I followed her round to the terrace where Gavras was sitting at the table between Andrew and Tina. The two girls were there, too, in their swimming costumes, their feet up on the seat of their chairs, fiddling with their toenails. No sign of the boys, though a sound of Xbox combat, of muffled explosions, was audible from the house.
‘Don’t get u
p,’ Alice said.
‘Mrs Mackenzie.’ He had got up anyway, with a half-bow. He was wearing a dark grey shirt today, the sleeves rolled up to the elbow. ‘I hear you have been for a nice drive.’
‘Yes. We went to visit an old friend in Epitara . . . I . . . We . . .’ She was faltering. I knew why: it was embarrassment at having embarked on another wild-goose chase, of having once again been wrong.
I stepped forwards, shielding her with my body. ‘Alice was kind enough to show me some of the island.’ I stretched out my hand. ‘Paul. Paul Morris. I am not sure we’ve met.’
He raised an eyebrow as he shook it. ‘You look familiar.’
‘I was in the hotel yesterday,’ I said.
‘Ah.’ He nodded, craning his head to see Alice. ‘Which brings me to why I am here. Mrs Mackenzie, you were kind enough to mention that members of your party were at the club on the night of the rape. I am following it up. I have just been asking Phoebe and Daisy for anything they recollect.’
Alice was doing that thing at the back of her hair – nervously running her fingers along certain strands. ‘Yes. Yes,’ she said. ‘Was there anything useful?’
Andrew was tapping his BlackBerry into his palm. ‘Nothing much,’ he said.
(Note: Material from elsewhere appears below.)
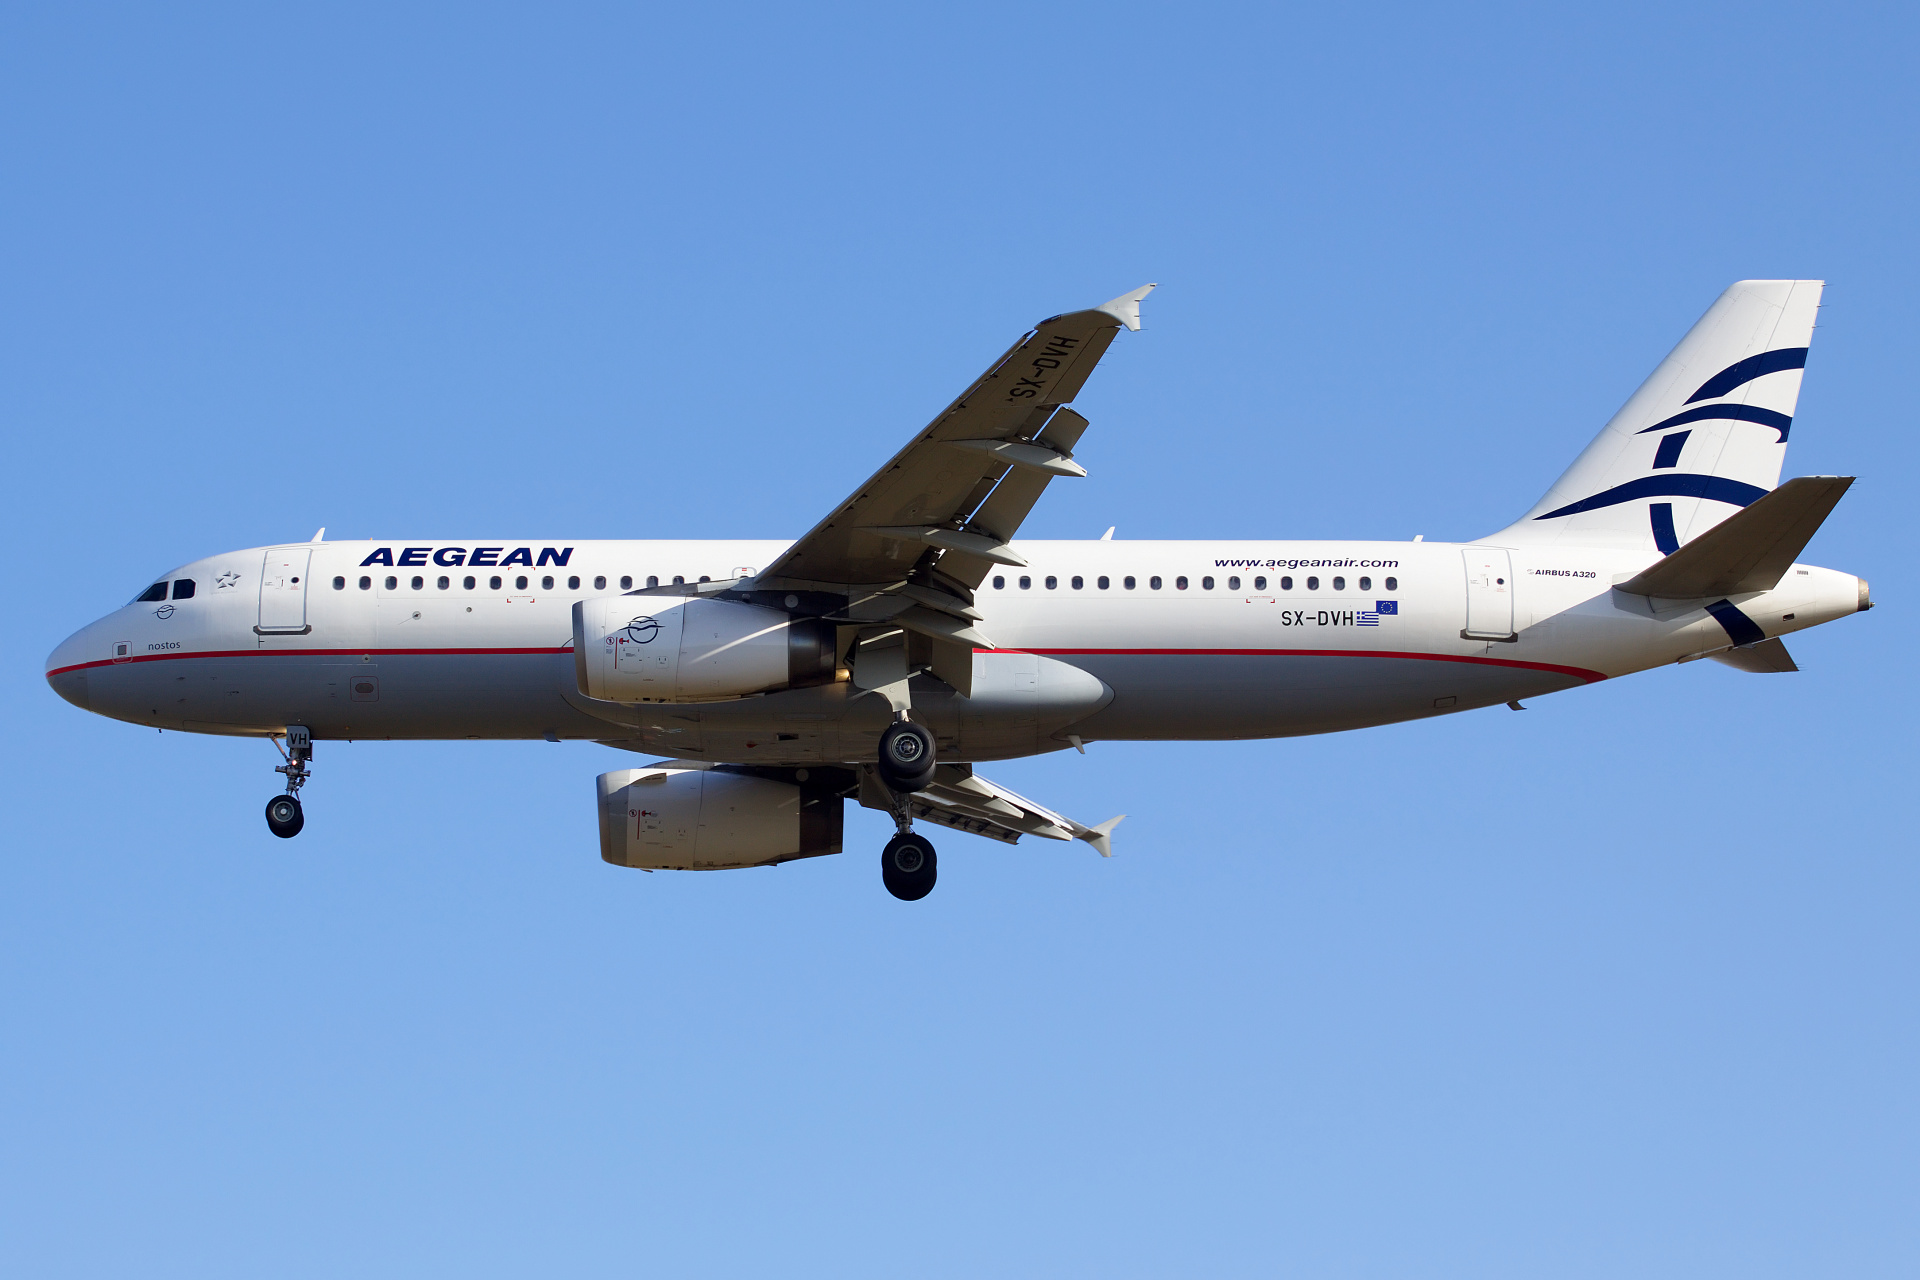 SX-DVH (Aircraft » EPWA Spotting » Airbus A320-200 » Aegean Airlines)

Phoebe yawned. ‘We left too early. But we did say there was no way that boy Sam did it.’
‘But you should ask Louis,’ Daisy added. ‘He talked to him, I think.’
Gavras gave an impatient flap of his hand. ‘The boy you mention has been released. He has an alibi, his sister who came to take him home. So – a misunderstanding. And this Louis . . .?’
‘Phoebe’s brother.’
‘Oh.’ Gavras looked suddenly more alert. ‘He was at the club? The night of the rape?’
Alice looked quickly towards the house, where gun battle continued, and back. Before she could speak, Andrew said: ‘Louis left even earlier than the girls. I’m happy to disengage him from his video game for you to ask him more, but there’s little point. We only let him go for a drink at the beginning of the evening and we brought him home long before midnight.’ He laughed and lowered his voice. ‘He’s only sixteen. Don’t think he got much out of it. Spent most of his time playing Candy Crush on his phone in the corner.’